On January 9, 2017, Donaldson published an almost day-long video of himself counting to 100,000, which became his breakthrough viral video. The ordeal took him 40 hours, with some parts sped up to "keep it under 24 hours". Donaldson gained popularity during this period with stunts, such as attempting to break glass using a hundred megaphones, watching paint dry for an hour, staying underwater for 24 hours, which ended up failing due to health issues, and an unsuccessful attempt to spin a fidget spinner for a day. By 2018, Donaldson had given out $1 million through his stunts, earning him the title "YouTube's biggest philanthropist".

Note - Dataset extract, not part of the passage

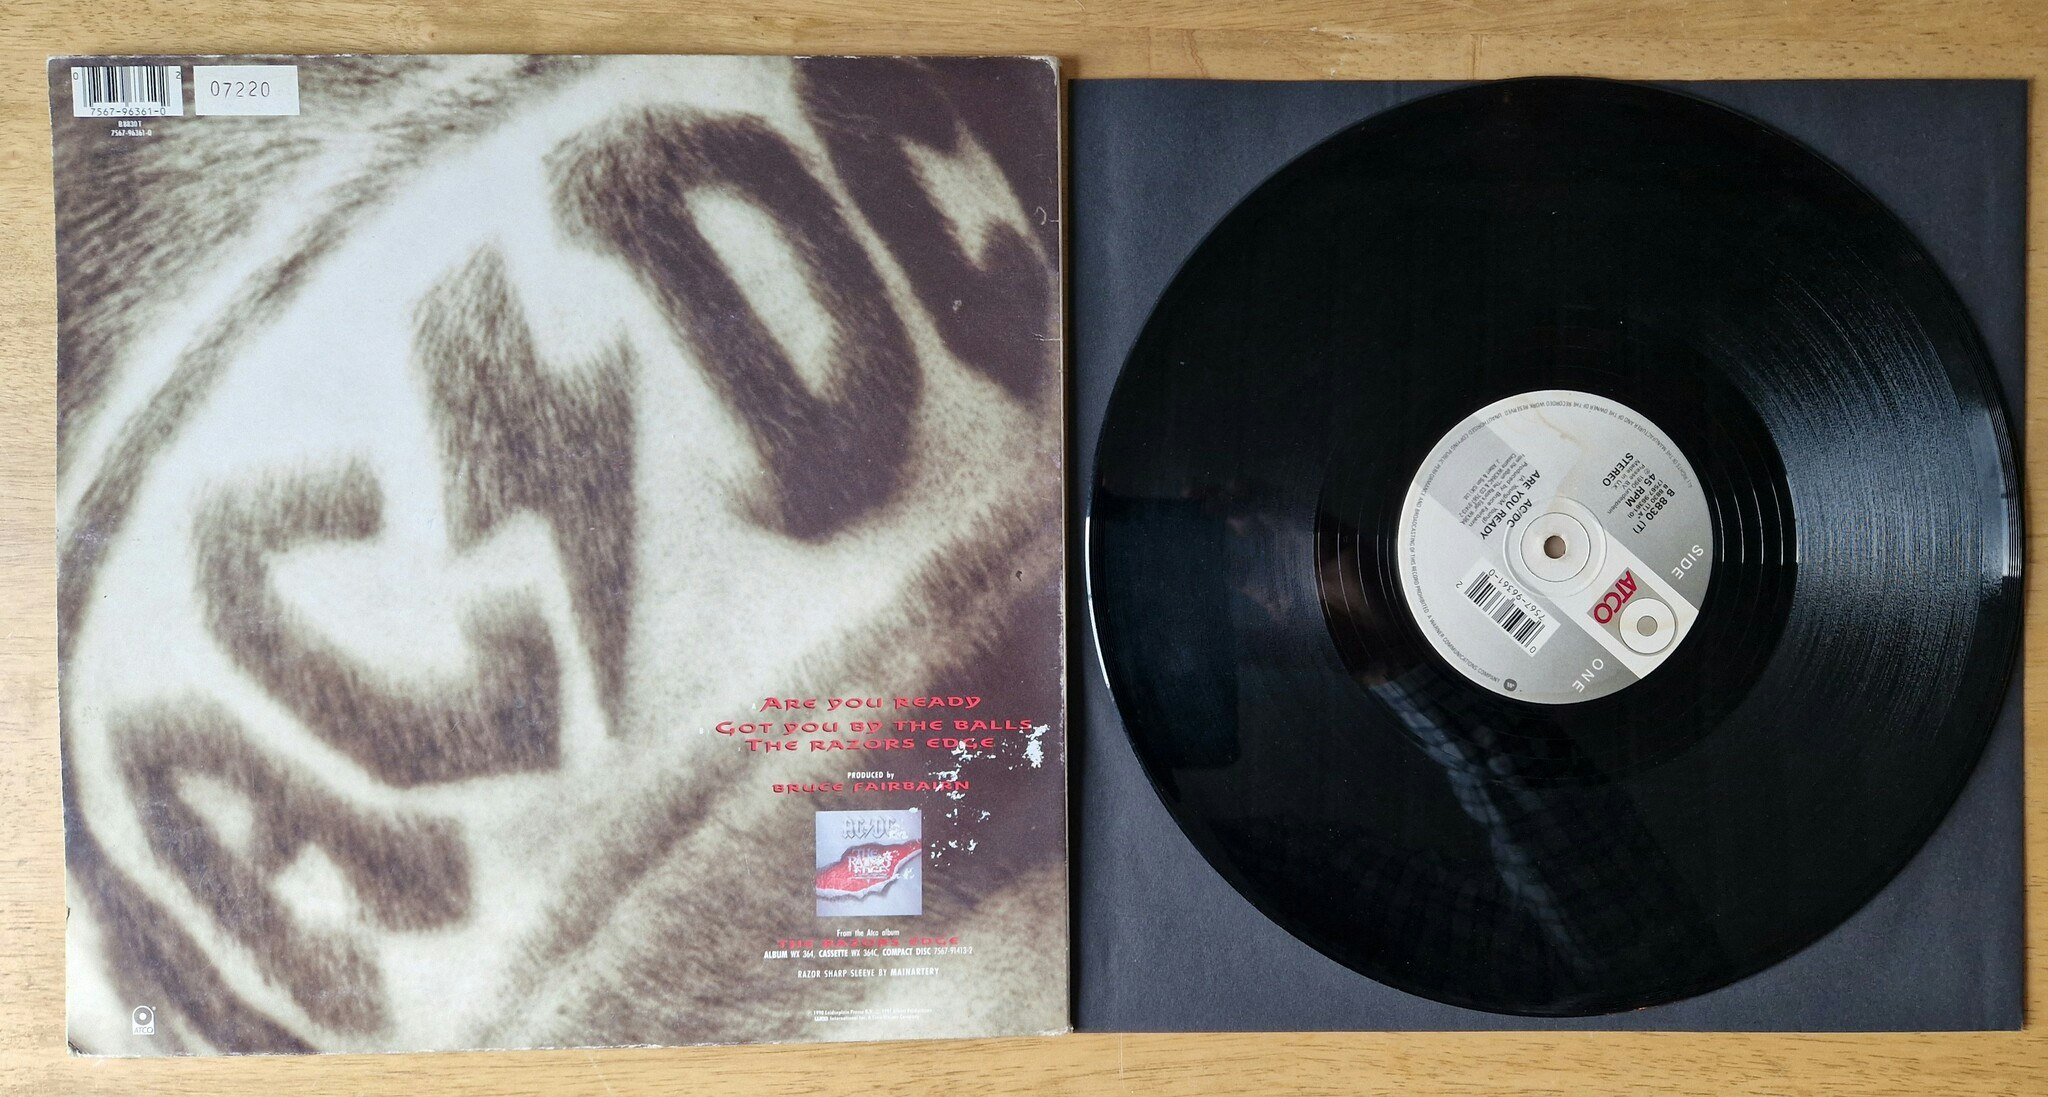 AC/DC, Are you ready. Vinyl S 12"

In June 2017, Donaldson gained his first brand deal, from a digital collectibles app called Quidd. This partnership funded his first philanthropic video in June 2017, where he gave the entirety of the $10,000 sponsor's fee to a homeless person. This set the stage for his now-famous brand of large-scale giveaways and philanthropic stunts.

During the PewDiePie vs. T-Series rivalry in 2018, a competition to become the most-subscribed channel on YouTube, Donaldson bought billboards and numerous television and radio advertisements to help PewDiePie gain more subscribers than T-Series. During Super Bowl LIII, he purchased multiple seats for himself and his team, whose shirts spelled out "Sub 2 PewDiePie".

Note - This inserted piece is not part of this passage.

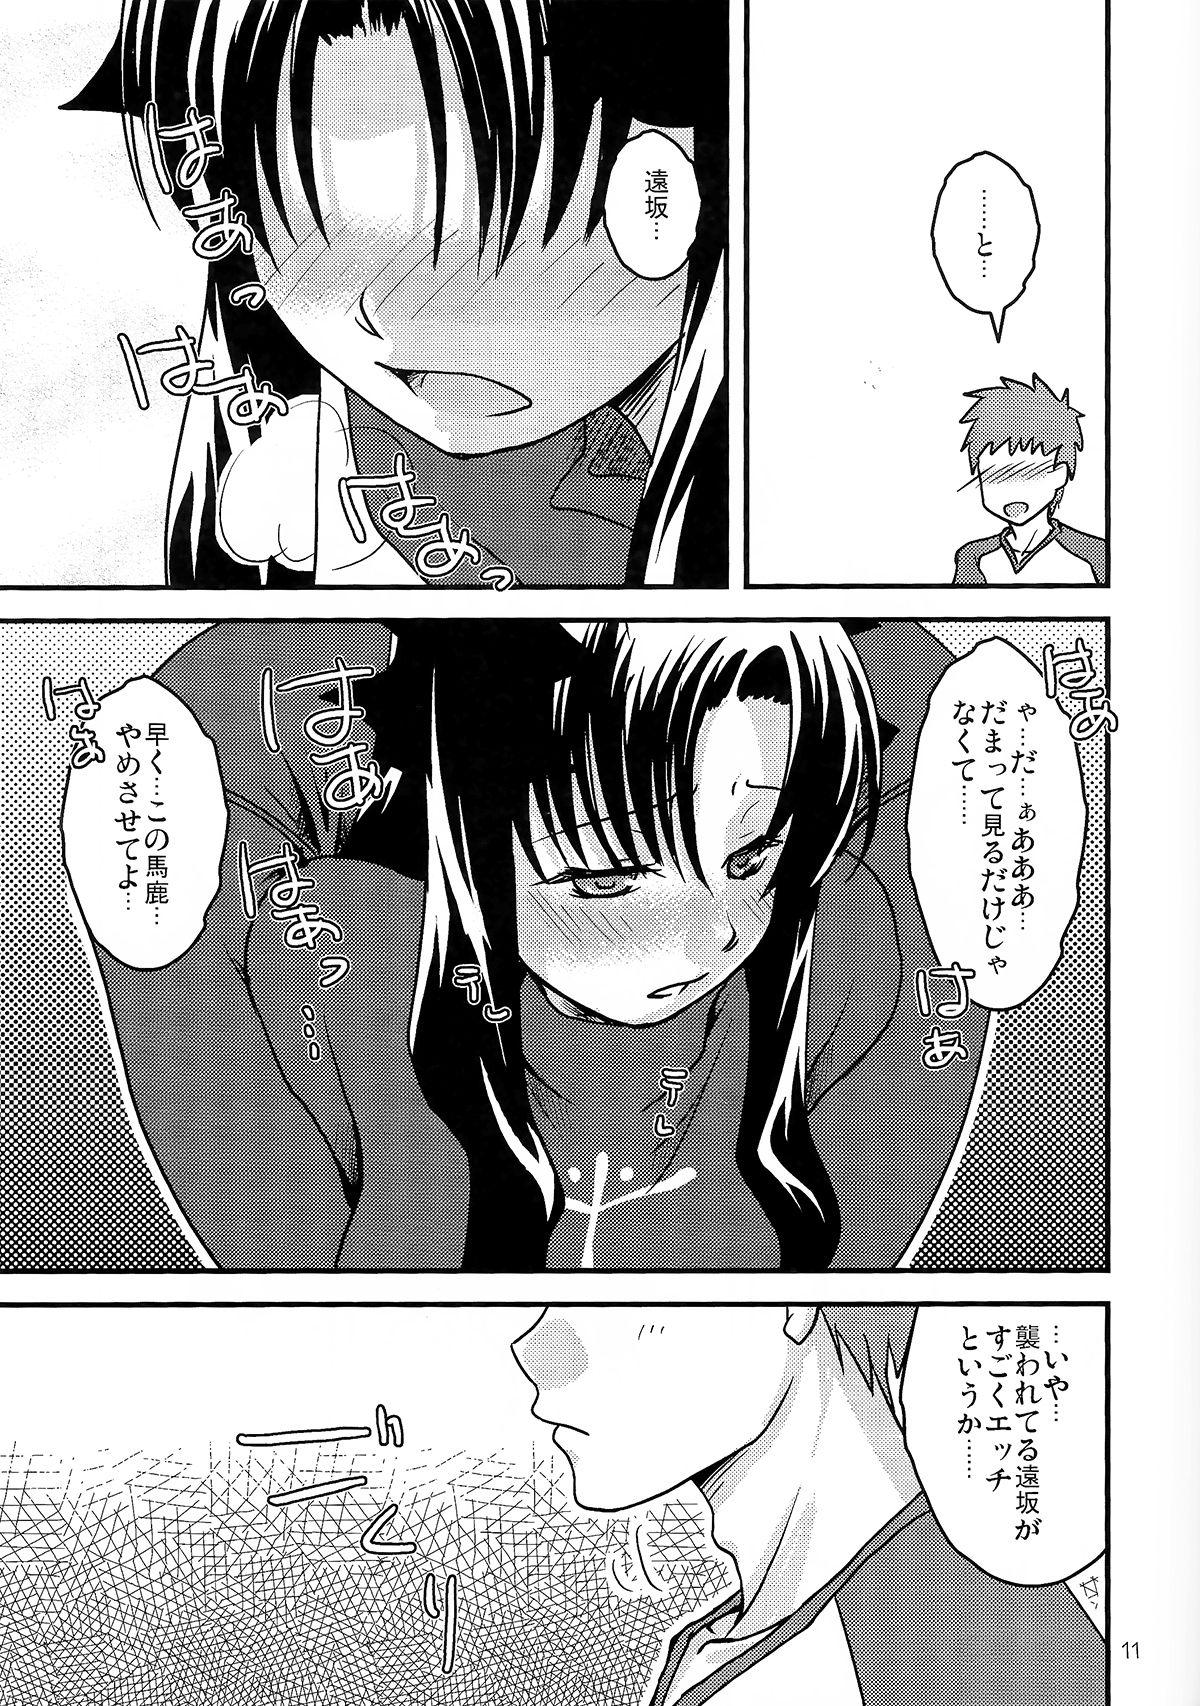 Massive Fakers - Fate stay night Glam - Page 10

In March 2019, Donaldson organized and filmed a real-life battle royale competition in Los Angeles with prizes totaling $200,000 (two games were played, each awarding $100,000) in collaboration with Apex Legends. Apex Legends publisher Electronic Arts sponsored the event and prize pool.

In April 2020, Donaldson hosted a $250,000 rock, paper, scissors tournament featuring 32 influencers. The event became YouTube's most-watched live Original at the time, peaking at 662,000 concurrent viewers. Professional esports player Nadeshot won the event. In October 2020, Donaldson hosted another influencer tournament. This time it was on trivia, and featured 24 competitors with a grand prize of $300,000. The tournament's winners were siblings Charli and Dixie D'Amelio, which caused controversy due to claims that they cheated.

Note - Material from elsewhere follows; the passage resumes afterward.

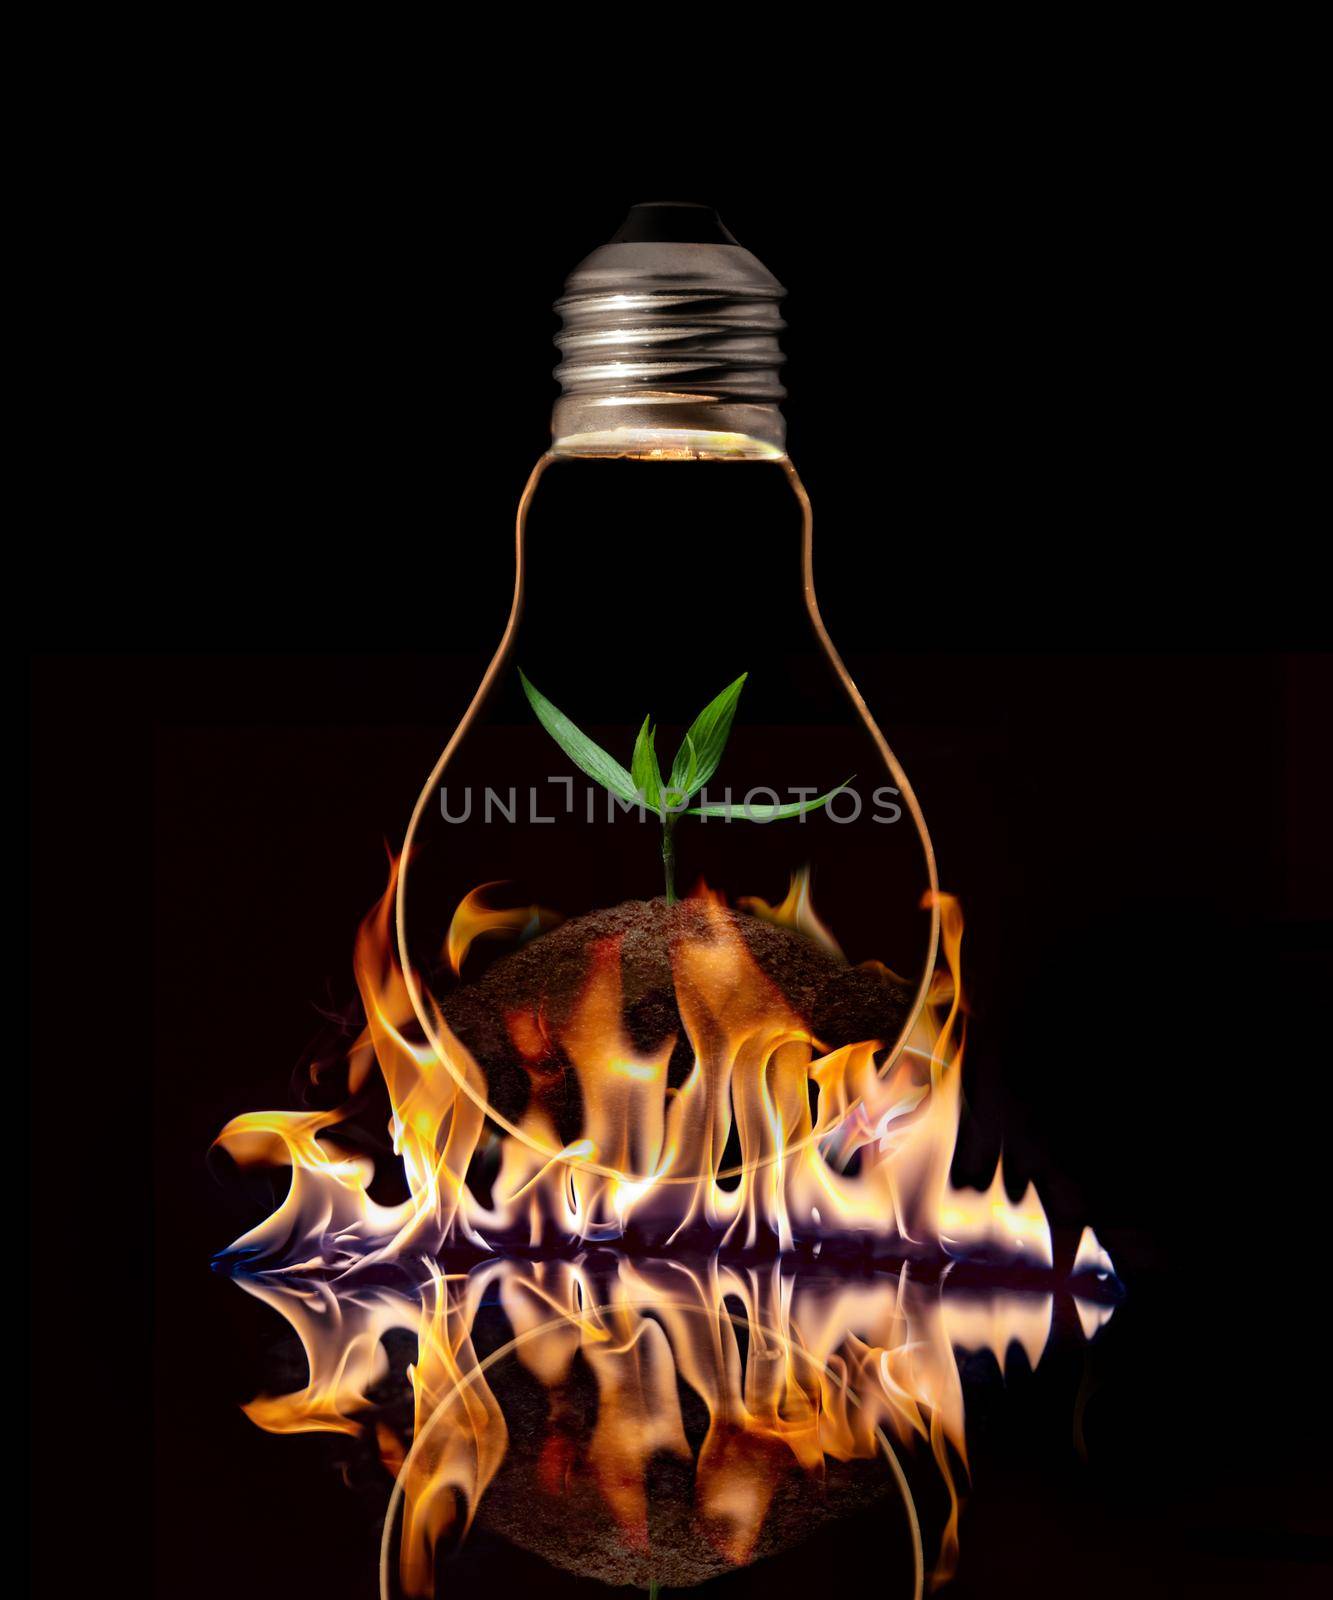 A light bulb with fresh green leaves inside on the fire, isolated on black background.

=== 2021–present: mainstream success ===

On January 1, 2021, Donaldson released the "YouTube Rewind 2020, Thank God It's Over" video. In Donaldson's video, he explains that he had always believed that YouTubers "should get more say in Rewind", and with this in mind, he decided to call "hundreds of YouTubers". At the end of the video, Donaldson gives a shout-out to PewDiePie, citing him and his 2018 Rewind as the inspiration for Donaldson's Rewind. Donaldson signed a Facebook and Snapchat content distribution deal with Jellysmack a month later.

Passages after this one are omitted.